Nuclear powered ships put uranium at center of global trade and security

US studying commercial nuclear powered ships through a MARAD request in 2026 for information covering SMRs, port access, insurance, liability, workforce and standards
US Navy’s 30-year shipbuilding blueprint plans for the Trump-class battleship to be nuclear-powered
the moves build on assessments by Lloyds Register, Core Power and AP Moller-Maersk to explore the feasibility and regulatory frameworks necessary for a nuclear-powered containership using a fourth-generation reactor to conduct cargo operations
US military also moving nuclear onto bases, with the Army’s Janus Program selecting nine installations for possible microreactors and the Navy soliciting SMRs for resilient installation power

US Chief of Naval Operations Admiral Daryl Caudle called the decision to abandon nuclear-powered surface ships “one of the largest mistakes the navy ever did”, in testimony before the House Armed Services Committee in May 2026.

But, the US navy is working to restore nuclear propulsion — and, they’re not the only ones, with global shipping giants, like Maersk, also exploring nuclear powered ships.
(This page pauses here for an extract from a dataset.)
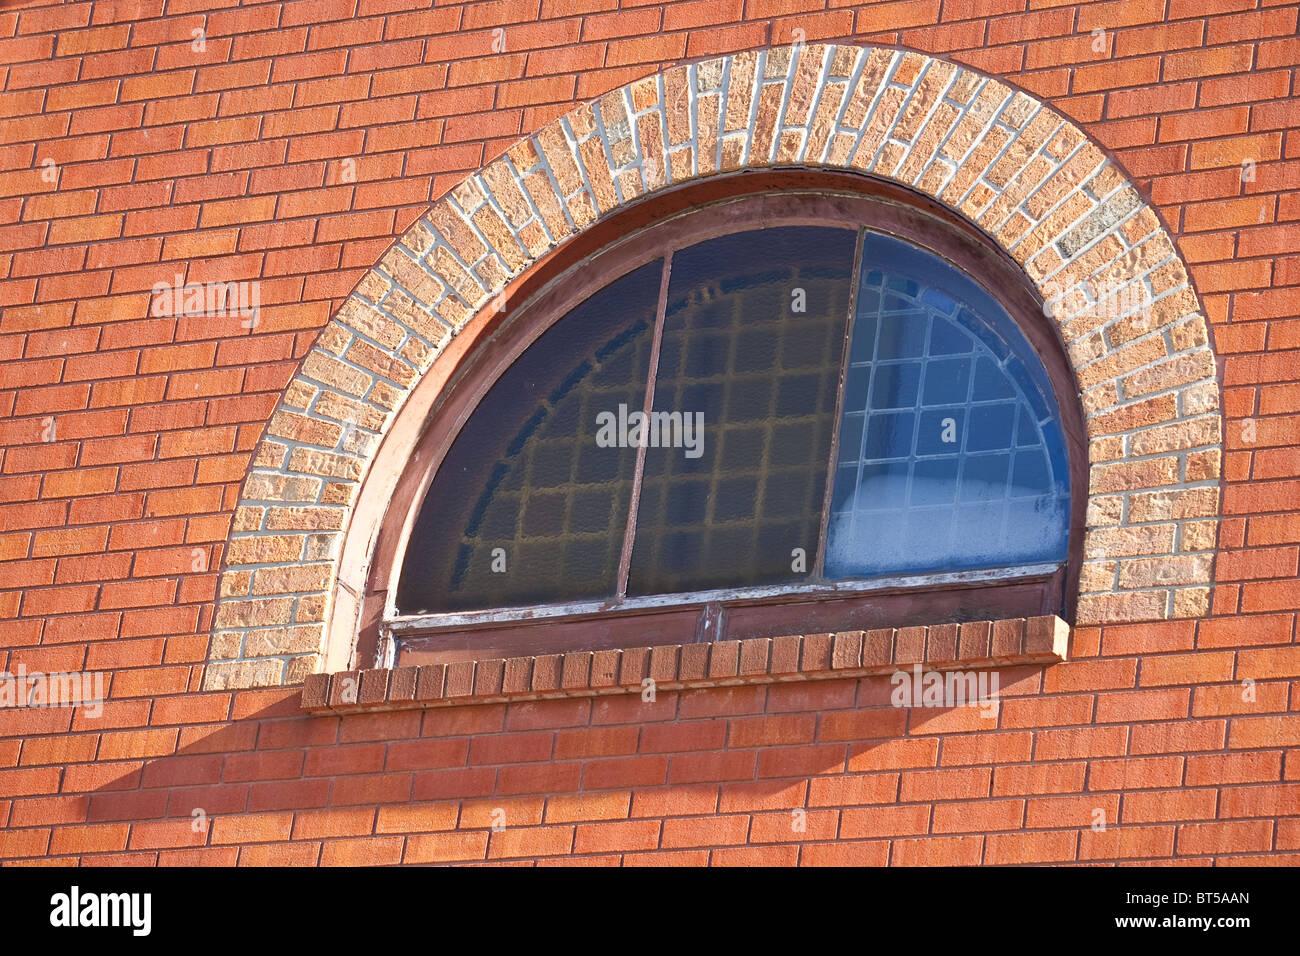 A Brick Wall Focus On A Half Moon Window Stock Photo Alamy
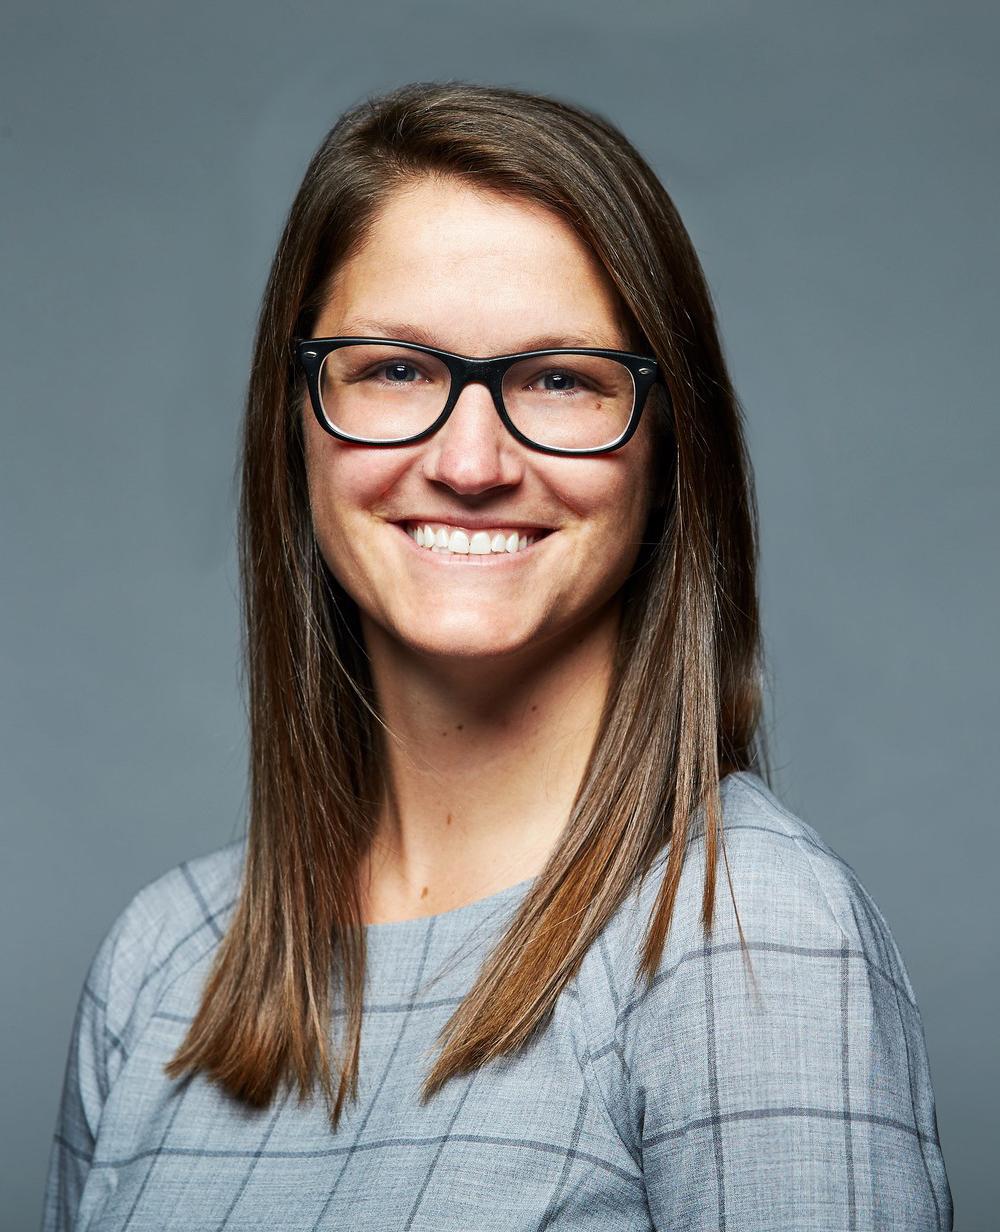 Katie Weimer

“We walked away from surface nuclear power decades ago, and that was one of the largest mistakes the Navy ever did, and we’re bringing it back… “We need nuclear-powered surface ships to sustain combat operations with our nuclear-powered aircraft carriers” — Chief of Naval Operations Admiral Daryl Caudle.

The moves put the need to secure uranium supply at the centre of, not just energy policy, but military power projection and the protection of global trade.

Total US battle force PB 27 - The Oregon Group - Critical Minerals and Energy Intelligence

Why nuclear powered ships are so important

The global economy is built on freedom of the seas.

Approx 90% of global trade travels by sea; approx 99% of the international internet traffic goes through submarine cables; oil, LNG, grain, critical minerals, consumer goods, and so much more depend on open sea lanes.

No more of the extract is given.